The first stories in this TEATRO GROTTESCO collection which I have now treated (‘PURITY’, ‘THE TOWN MANAGER’, ‘SIDESHOW, AND OTHER STORIES’, ‘THE CLOWN PUPPET’ & ‘THE RED TOWER’) are, I notice, grouped (at least in my Durtro edition) under the group title of DERANGEMENTS. That seems to make a nonsense of such ARRANGEMENTS and thus it shall be — but maybe when I see if there is any rhyme or reason to the remaining ‘group’ titles ere long, I shall return to this point. Suffice it to quote this from THE RED TOWER: “After a time, however, things began to fall into place as they always do, rejecting a harmless and uninteresting disorder – never an enduring state of affairs – and taking on the more usual plans and purposes of a viciously intent creation.”
My boldness. The Synchronised Shards of Random Truth & Fiction.
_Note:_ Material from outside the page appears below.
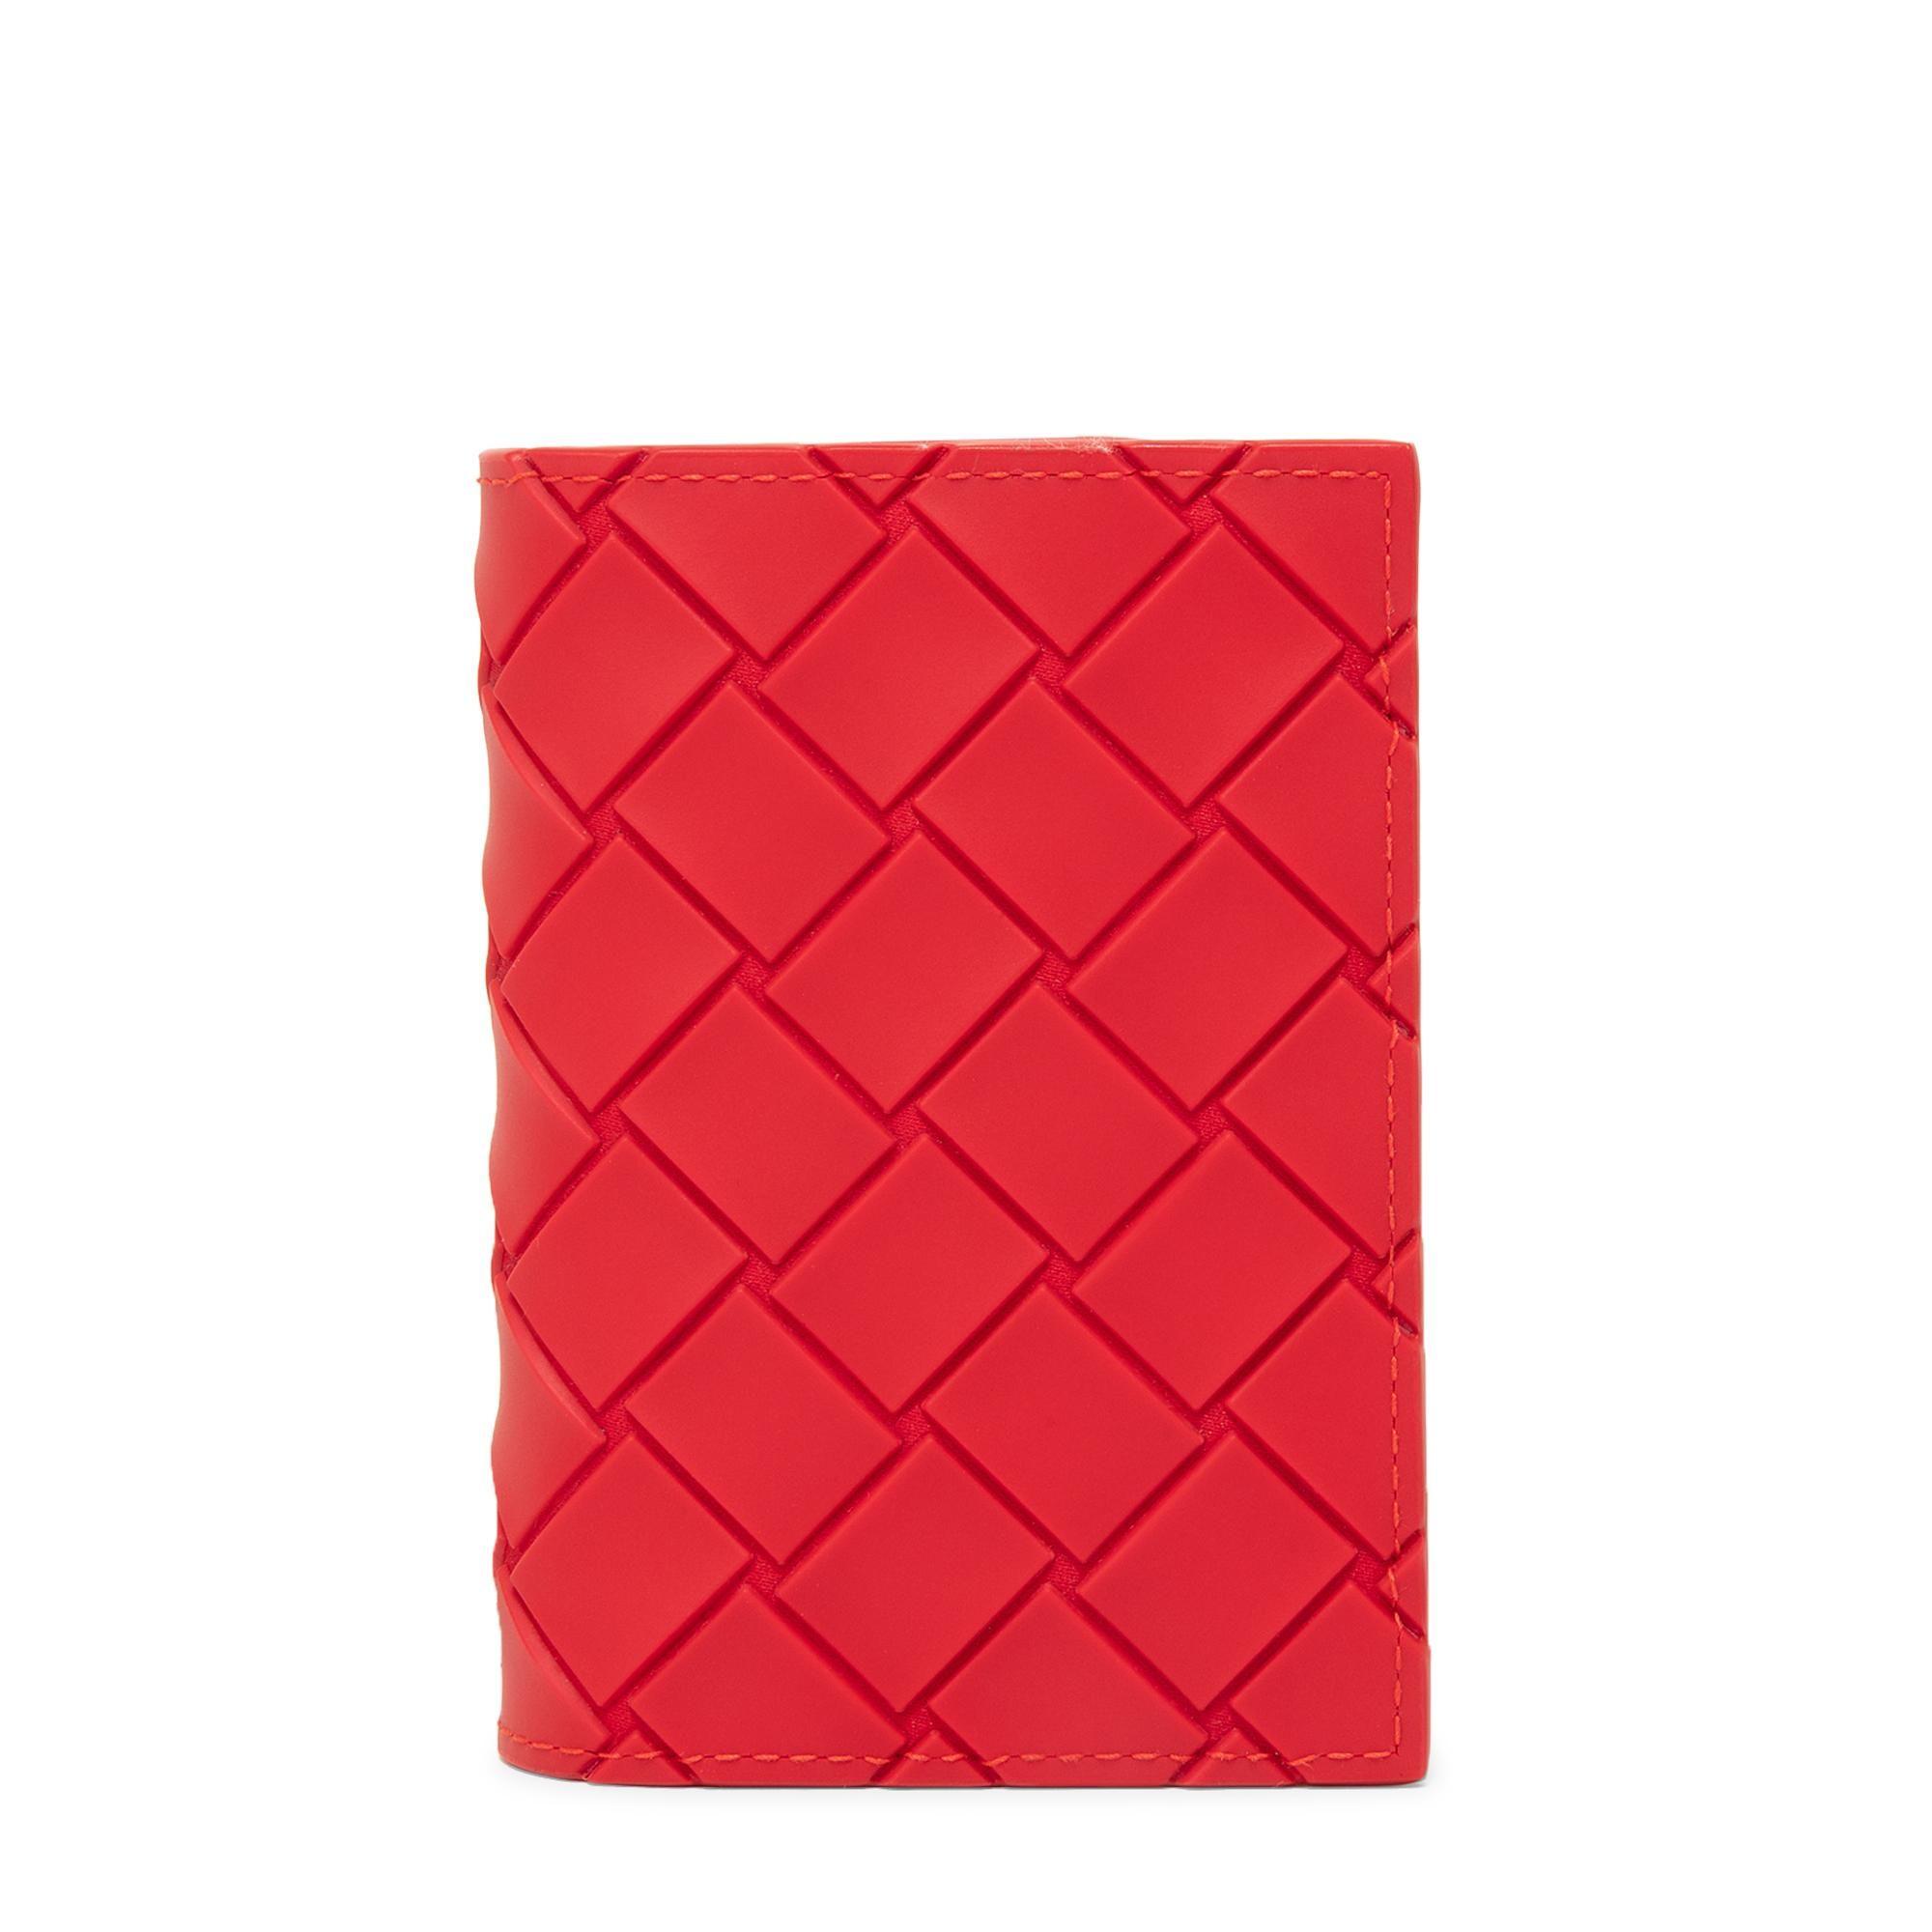 محفظة بطاقات بتصميم متداخل

===============================

 

MY CASE FOR RETRIBUTIVE ACTIONWhat is a “storefront office”? When reading this story before, I’ve taken this term for granted. Being a UK reader, I wonder if this is an American term.
This story, for me, is a fabricated improvisation where the fogs, spiders and other nightmares seem to appear out of nowhere – also the Kafkaesque office and the phobias/anxieties are formulaic. The narration is not so naturally believable or dream-like as some of TL’s other stories. The narrator only addresses a reader whom he seems to know in his own life, which rather un-involves other readers like myself. I am perhaps just another person like Ribello and Pilsen that the Narrator has not fully fathomed.
I like the pickle smell, & the smoking being banned because of it getting into the office’s forms. Actually, as a different reader, I might have noticed more readily that the story is its own venom, its poison moving in a vicious circle in a futile attempt to cure its own ills with an instantaneous vaccine that is itself.
And I shall emerge from reading it as the very reader whom the Narrator addresses – like waking up (hatching?) in metamorphosis as the nobby spider monster…. And that makes me want to hurry on to the next story in the book and read it to prevent falling asleep …. but …. I notice it’s only a Temporary Supervisor….
.
================================
.
OUR TEMPORARY SUPERVISORwith some artfulness I spread my latest reading of this story before and after last night’s sleep. That method allowed me to notice the humour that often pervades Ligotti’s work and resemblance to my own Corporate life in the past that I often review with grim laughter. However, I’d hoped to escape the Quine Org. of the previous story (as well as its nobby spider), but here it was again! (Like PFJ, I studied Quine at university in the late sixties; he was a philosopher who advocated, inter alios, a semantic holism…)
Here, in this story, we have, under cone-shaped lamps, the archetypal machinations of Corporate pecking-orders, new methodologies, productivity schemes to manufacture, I gauge, those knotty Metal-Piece Puzzles for Christmas. Frowley, Blecher, Nohls, the Narrator, all subjected to the Company Line.
All great horror stories (and this is a truly great one, even (or especially) with the humour) have a single lasting image that haunts you for the rest of your life (you know what I mean; like the spider at the window in ‘The Haunting of Toby Jugg’)…and here we have the image of the amorphous shape behind the frosted glass. Genius!
The Temporary Supervisor with ‘sabbaticals’ like the Town Manager?
Here we have another grey landscape making us believe that this factory may be related to The Red Tower. Also, in this story’s last sentence, the recurring theme of the essence of a work ethic allowing us to avoid unwelcome thoughts even as we realise that the trammels of Work are worse than having the unwelcome thoughts in the first place!!
I am now retired from my Corporate existence of the past, but this story reminds me it is only temporary as I wait for the ultimate retirement. My retirement is spent reading Ligotti and maybe there is absurd humour in that, too, as our minds blur into the grey landscape fogs around us (yet unseen, but definitely there, lurking…).
Frosted glass is usually used for toilets….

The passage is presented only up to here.